To develop a practical process for D-valine preparation from DL-valine, L-valine was used as a sole source of carbon and nitrogen in basal minimal medium to isolate L-valine-degrading micro-organisms. A yeast strain DLPU-zpb was obtained, which showed asymmetric degrading activity against DL-valine. Based on the morphology, physiological and biochemical characteristics, and 26S rDNA D1/D2 domain sequence, strain DLPU-zpb was identified as Candida maltosa. The cells of this strain were used as a biocatalyst for eliminating the L-isomer from DL-valine. The L-isomer was completely degraded within 72 h under the conditions of 30 degrees C, pH control at 6.0, 200 rev min(-1) and 50 g l(-1) DL-valine. The strain DLPU-zpb degraded L-valine effectively but not D-valine, and thus D-valine could be easily isolated from the resultant reaction mixture, which provides a new method for D-valine preparation from DL-valine.
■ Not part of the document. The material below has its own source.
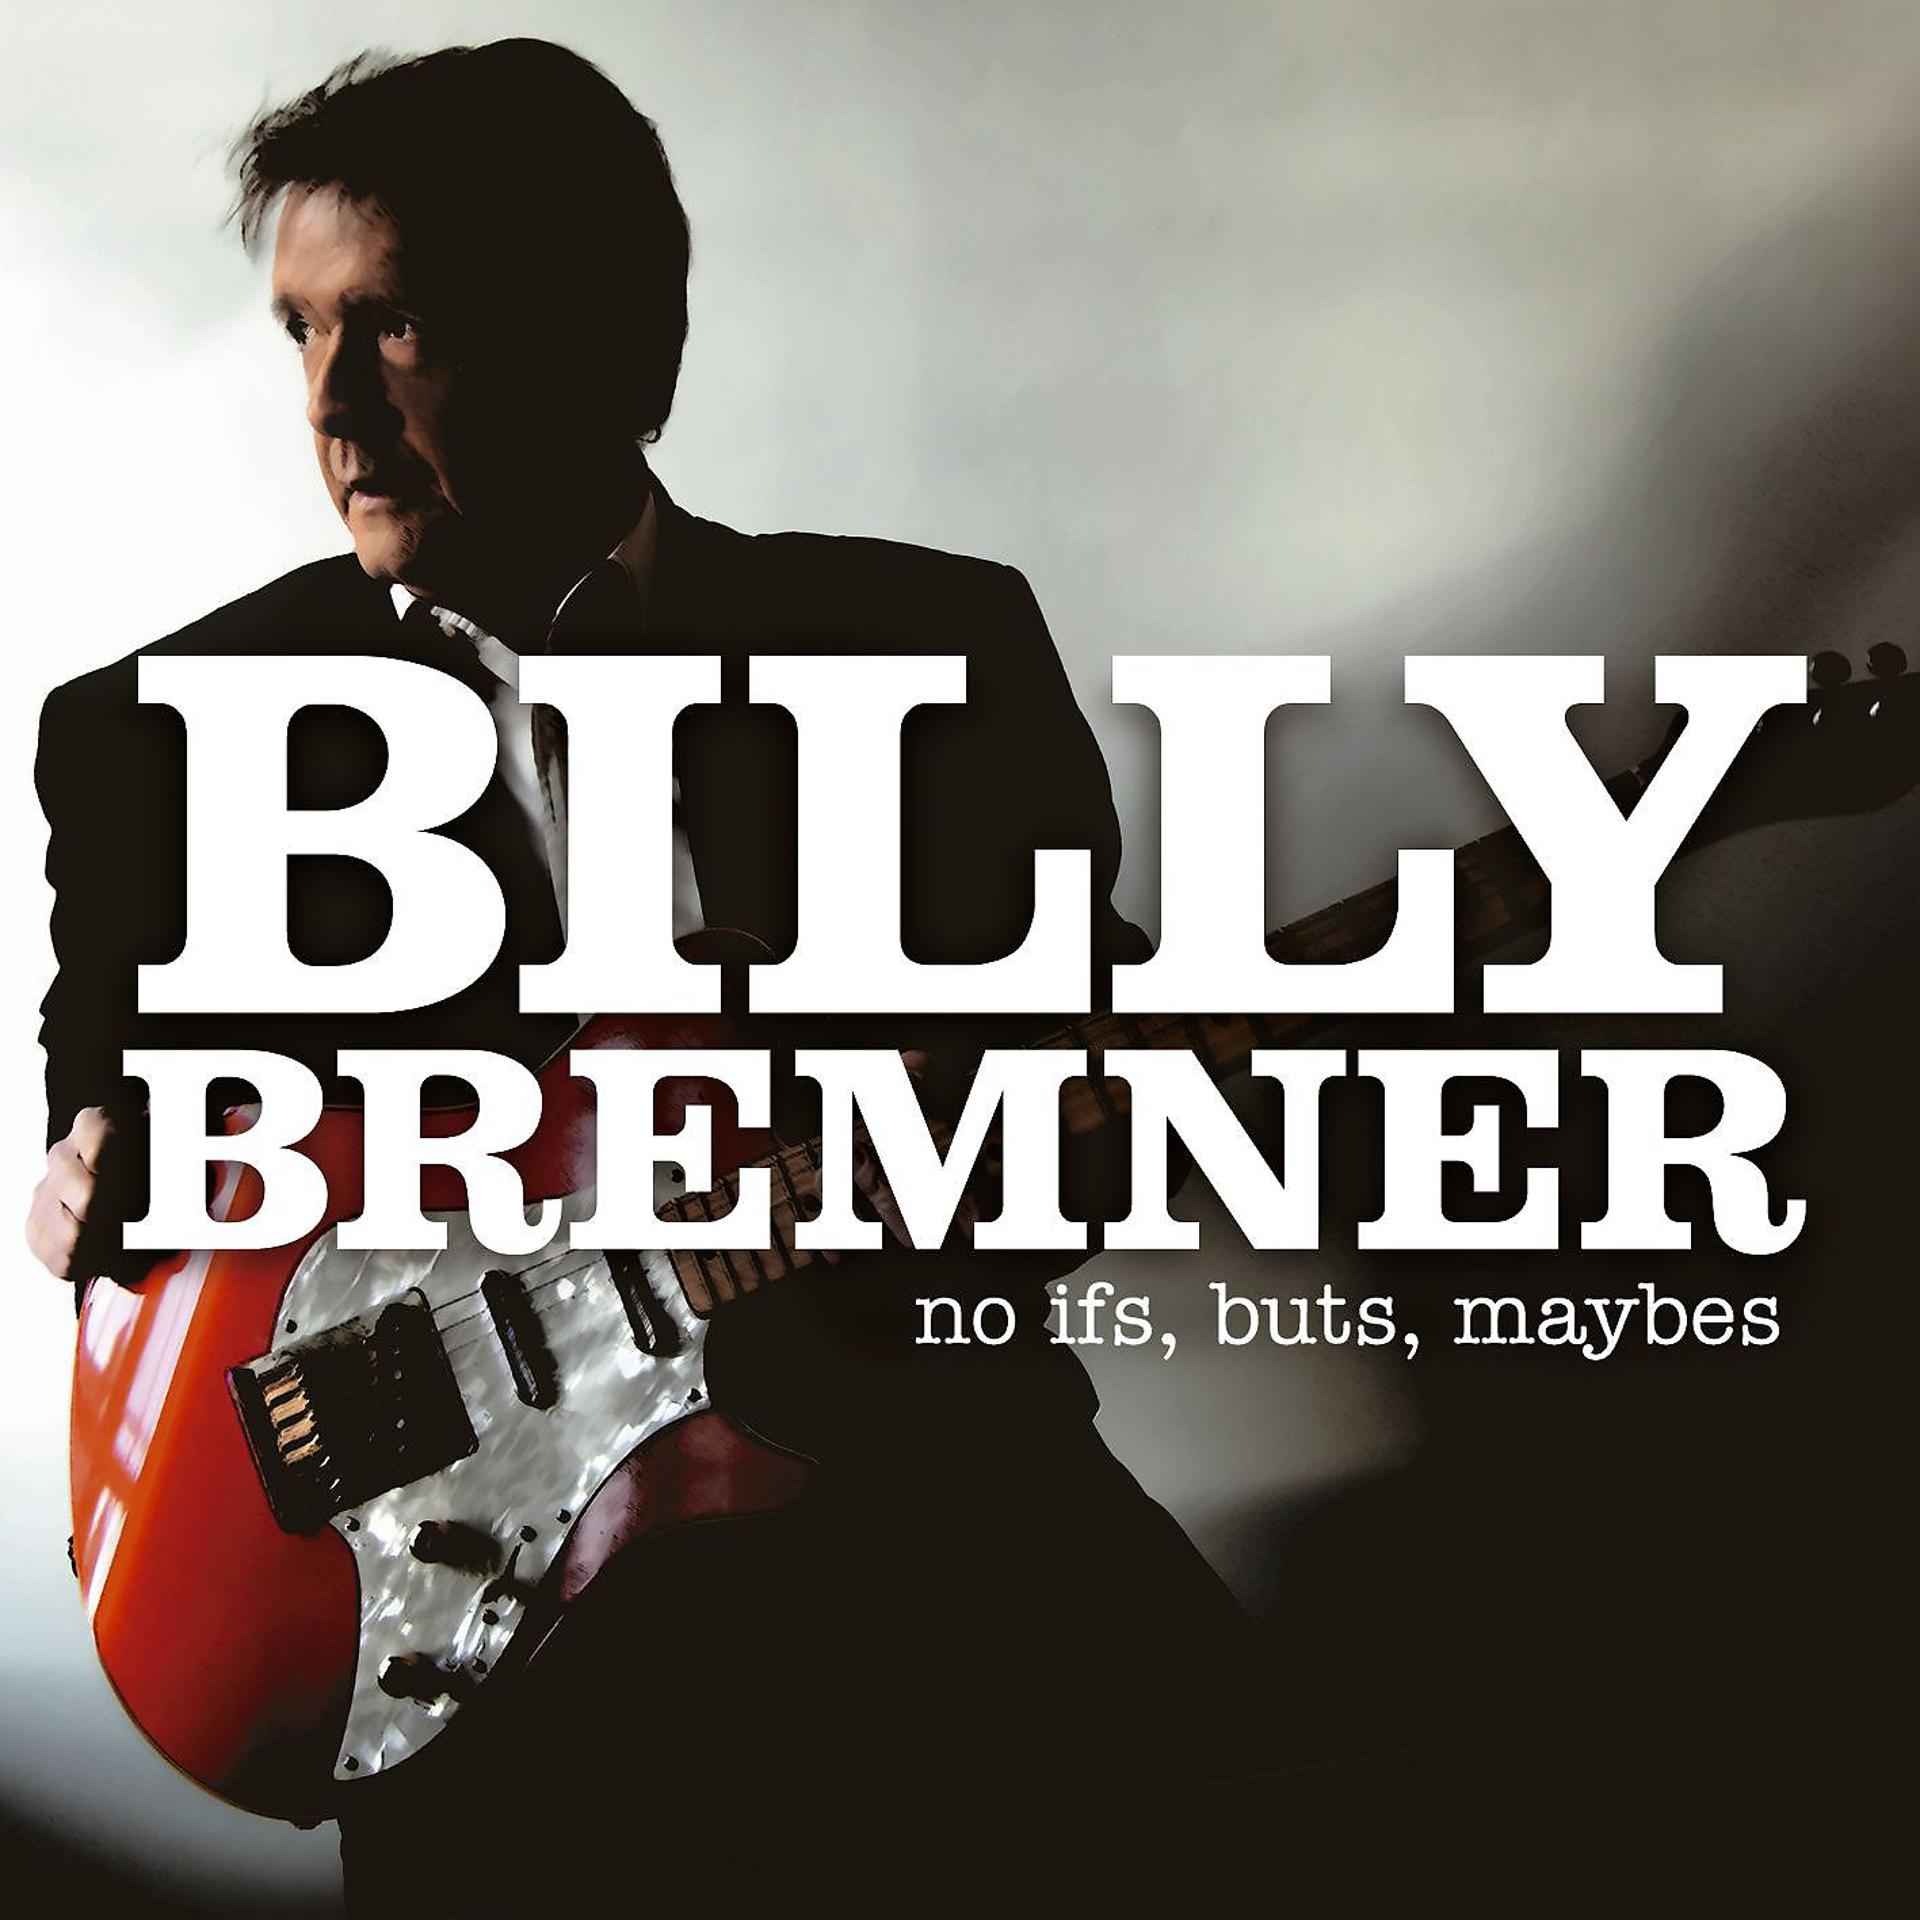 Постер к треку Billy Bremner - The Picture We Painted

机译:为了开发从DL-缬氨酸制备D-缬氨酸的实用方法,L-缬氨酸被用作基础基本培养基中唯一的碳和氮源,以分离降解L-缬氨酸的微生物。获得了酵母菌株DLPU-zpb,其显示出对DL-缬氨酸的不对称降解活性。根据形态,生理生化特征和26S rDNA D1 / D2结构域序列,菌株DLPU-zpb被鉴定为麦芽糖假丝酵母。该菌株的细胞用作从DL-缬氨酸消除L-异构体的生物催化剂。在30摄氏度,pH值控制在6.0、200 rev min(-1)和50 g l(-1)DL-缬氨酸的条件下,L-异构体在72小时内完全降解。菌株DLPU-zpb有效降解了L-缬氨酸,但不能降解D-缬氨酸,因此可以容易地从反应混合物中分离出D-缬氨酸,为从DL-缬氨酸制备D-缬氨酸提供了新的方法。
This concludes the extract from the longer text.